A turn toward more aggressive actions against cyberattackers, however, could be risky. Because the source of a cyberattack is often hard to identify, counterattacking is not always well-advised.
"I will guarantee you there will be lots of mistakes made," said Rep. Mike Rogers of Michigan, chairman of the House Permanent Select Committee on Intelligence, speaking at a recent cybersecurity conference at George Washington University. "I worry about the private sector engaging in offensive [activities] ... because a lot of things are going to go wrong."
Companies that want to go on the offense against their cyber-adversaries need to consider the legal risks such actions would involve.
"I have only found one or two lawyers ... who have said, 'Let's consider pursuing some kind of offensive response,' " says Richard Bejtlich, chief security officer at Mandiant, a cyber-consultancy. "The corporate legal structure is very conservative when it comes to what we can allow someone to do."
Alperovitch of CrowdStrike insists there are safe and lawful ways a company can go after an intruder — and come out ahead.
"If they're going after [your] negotiation strategy for a business deal you're involved in, one thing you can do is craft a fake negotiation document and feed that to them," Alperovitch says. "[If] you feed them a different strategy, you're going to cause them to act in a certain way that's actually gong to benefit you."
Security experts call this a "honeypot" approach. The idea is to plant a document in your network that an adversary will find irresistible. In one clever version, the document includes code so that when the intruder opens it, it turns the camera on in his computer, takes his picture, and sends it back so you can report him to the authorities.
Hoglund, from the firm previously known as HBGary, says he has reviewed such techniques with lawyers.
"It was pretty clear that putting a booby-trapped document in your own document is 100 percent legal," Hoglund says. "If the bad guy comes and steals it out of your network and opens it in his computer, that's his problem."
There is nevertheless a vigorous debate over the legal issues in offensive cyber-operations by private companies. If you are mugged, you can defend yourself, but you cannot track the mugger down a day later and shoot him. Nor can you break into his house and get your wallet back. Similar constraints govern in the cyberworld.
"This is completely new territory," Hoglund acknowledges, "so a lot of thinking needs to occur around this. Something will change.
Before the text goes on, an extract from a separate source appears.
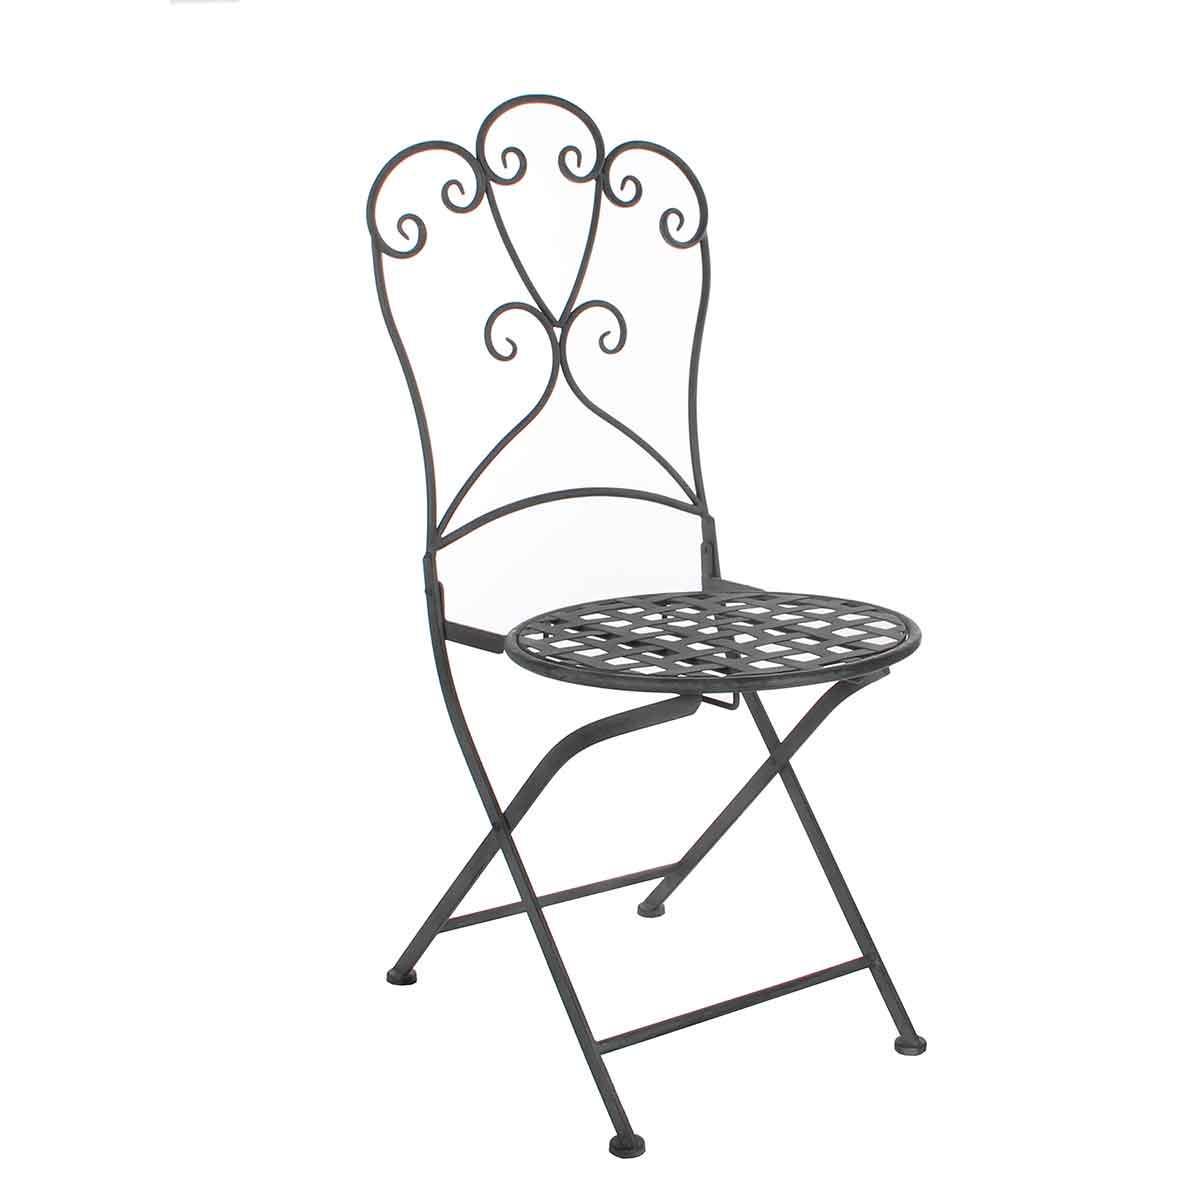 FonQ-Greenware stoel sara maat in cm: 39 x 39 x 92.5 grijs-aanbieding

It will take its time, but we will see something come out, [pertaining to] self-defense as well as what kind of policies will be changed to make it so the attackers will suffer."
Hoglund and other advocates of a harder line against cyberattackers are unlikely to be satisfied by Obama's executive order. The order requires federal agencies to alert private companies to cyberthreats, but it maintains a focus on defense. Companies with critical infrastructure assets such as power plants are asked to follow security standards worked out jointly by government and industry.